[Provided material — start]
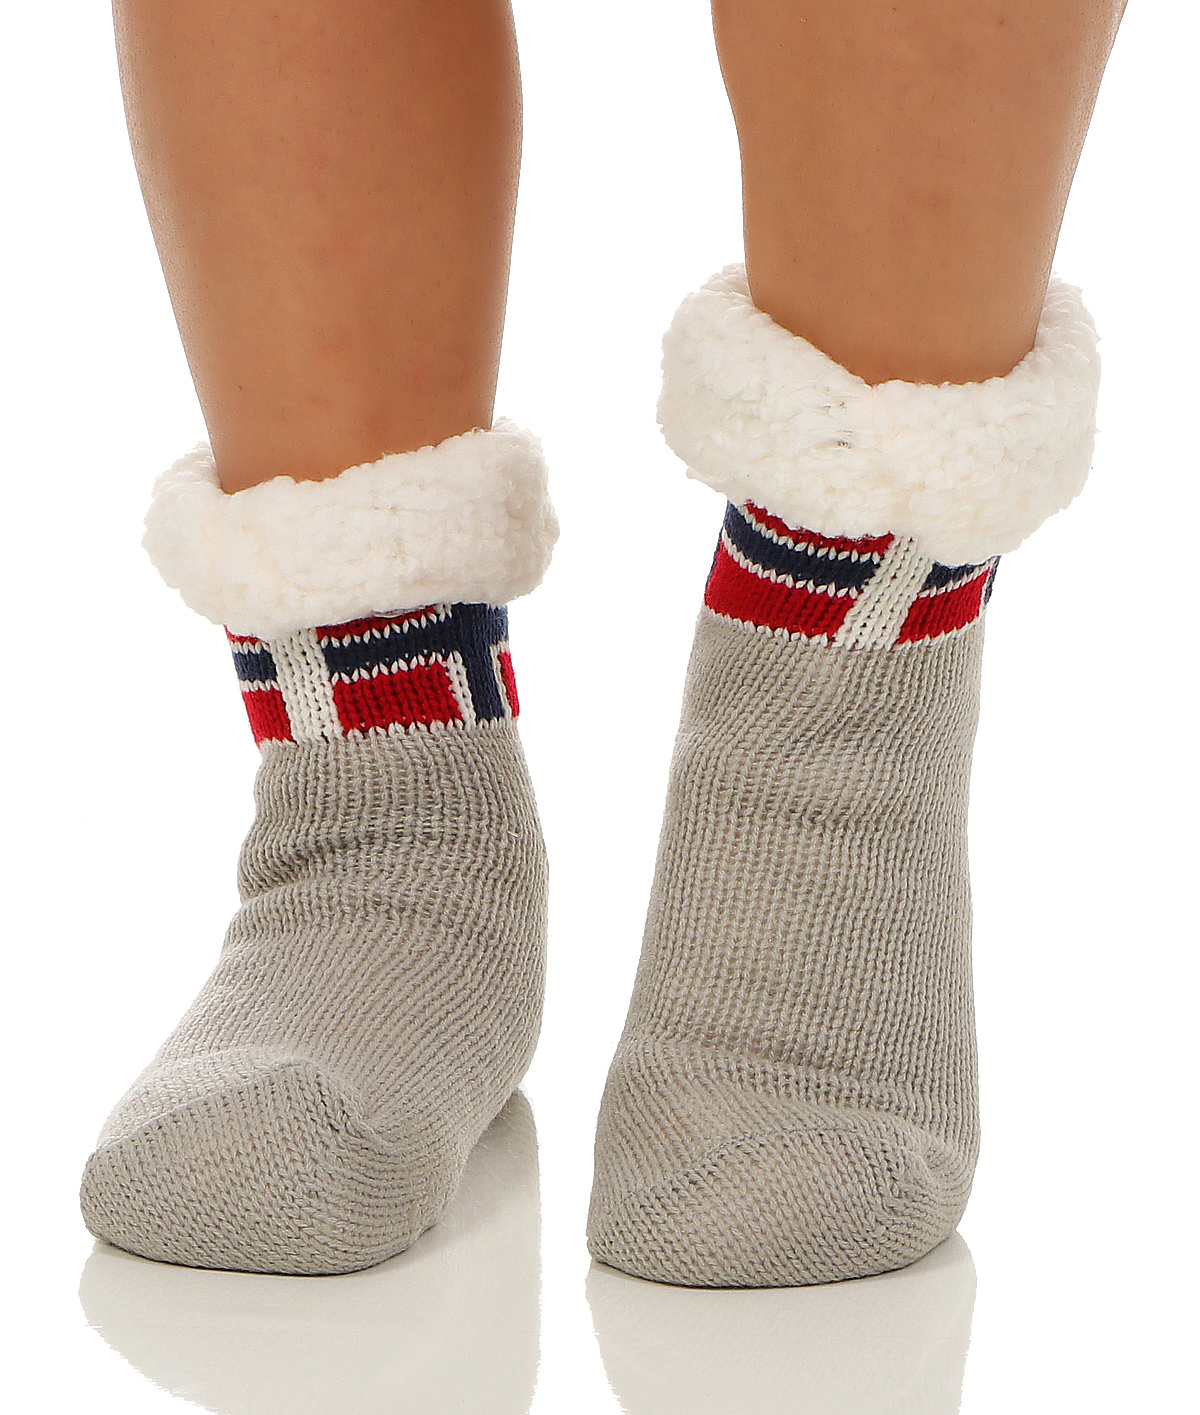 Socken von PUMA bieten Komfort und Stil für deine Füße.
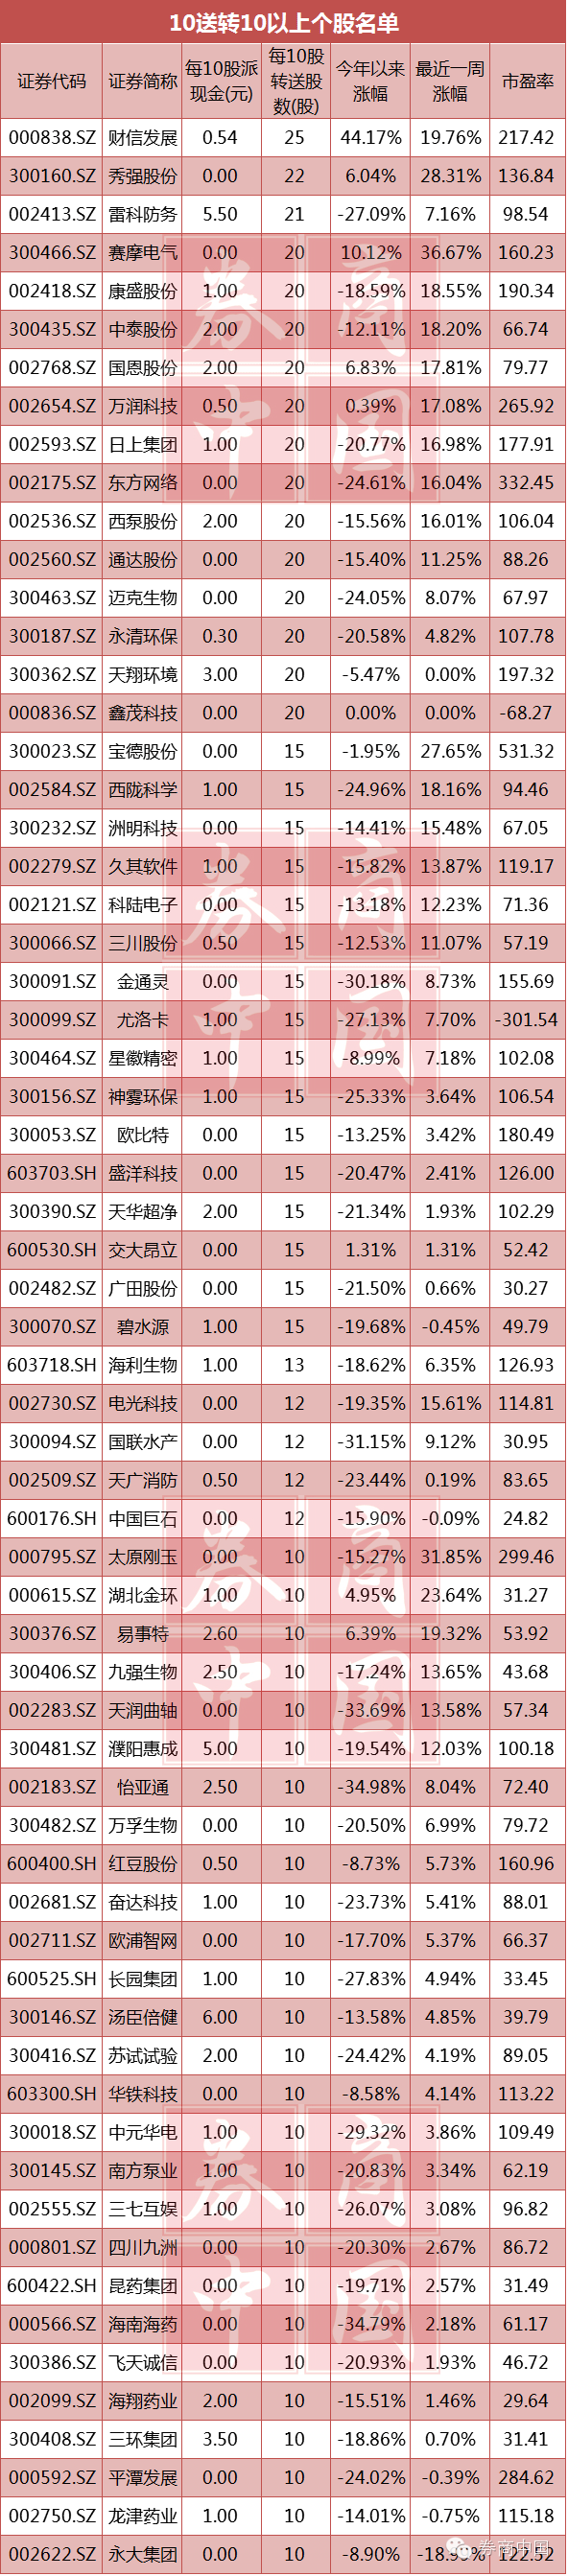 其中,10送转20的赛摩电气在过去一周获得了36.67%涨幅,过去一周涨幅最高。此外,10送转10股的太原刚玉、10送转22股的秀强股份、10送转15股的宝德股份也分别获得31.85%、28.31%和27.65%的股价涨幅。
[Provided material — finish]
[Provided material — start]
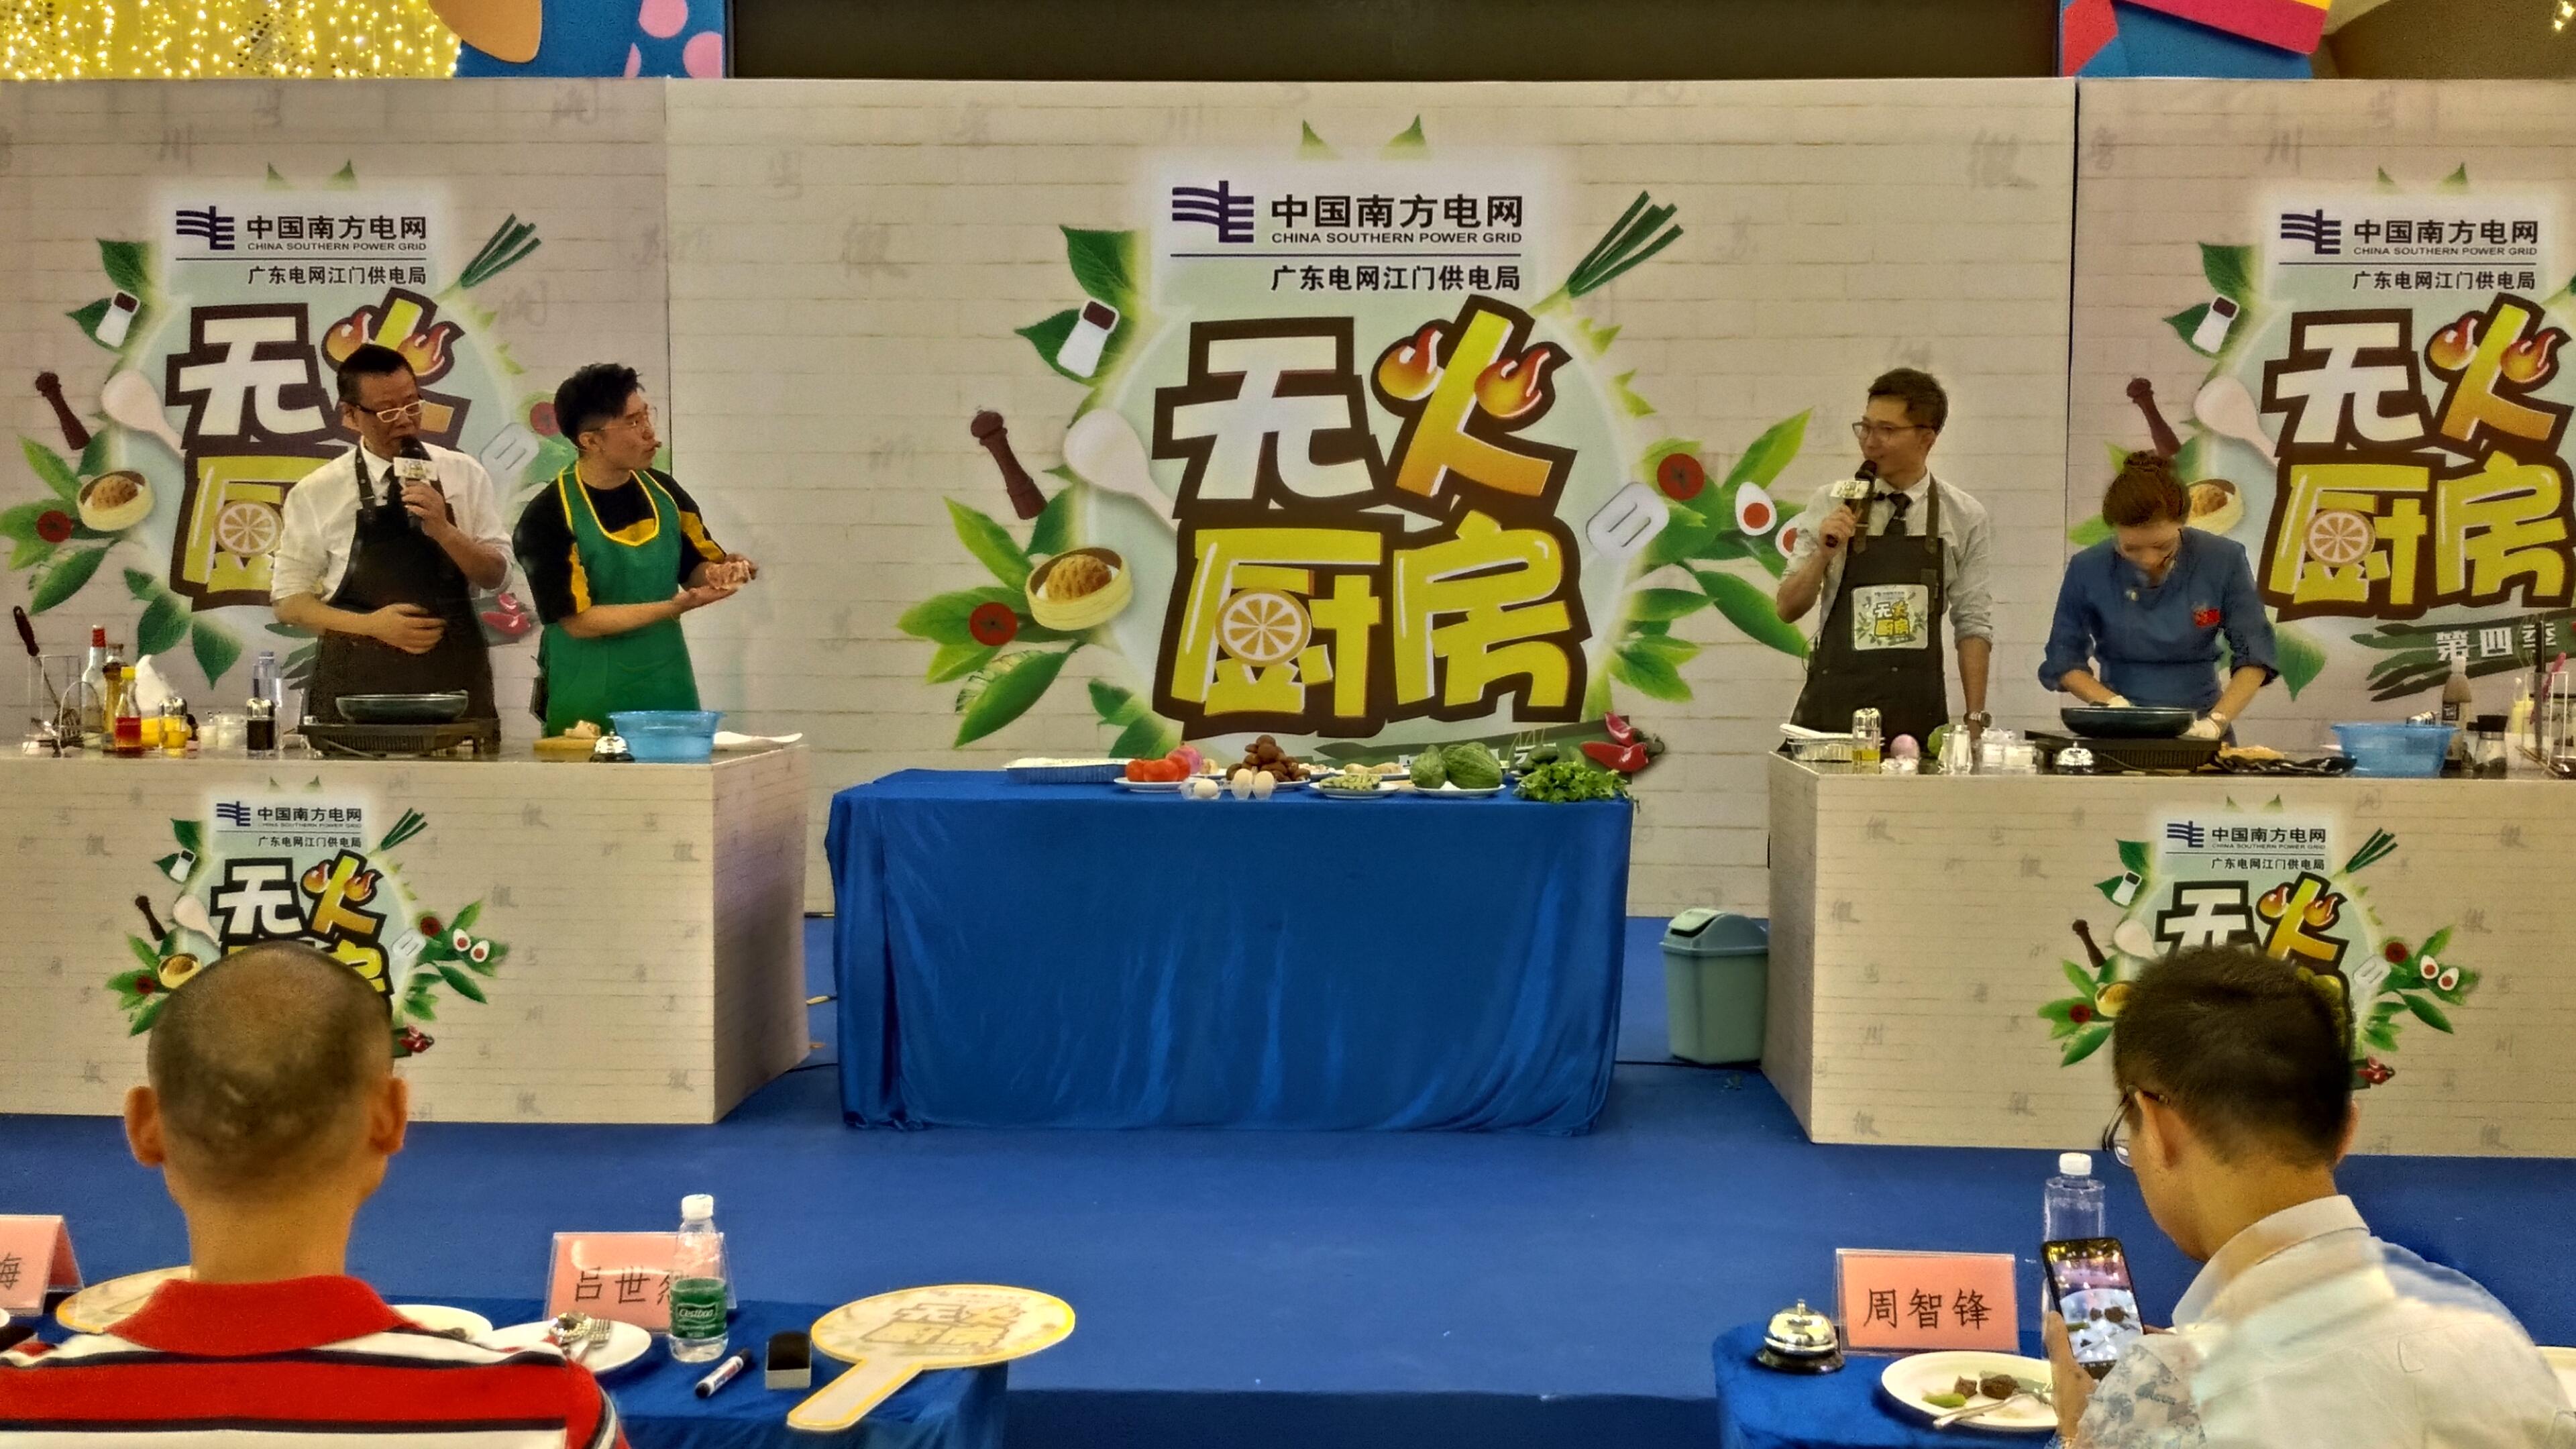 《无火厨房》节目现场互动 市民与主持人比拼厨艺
[Provided material — finish]
■ Task instructions:
Copy word for word only the lines above from the one with "Socken von PUMA" through the one with "其中,10送转20的赛摩电气". Leave pictures out.

■ Worked solution:
 Socken von PUMA bieten Komfort und Stil für deine Füße.
 其中,10送转20的赛摩电气在过去一周获得了36.67%涨幅,过去一周涨幅最高。此外,10送转10股的太原刚玉、10送转22股的秀强股份、10送转15股的宝德股份也分别获得31.85%、28.31%和27.65%的股价涨幅。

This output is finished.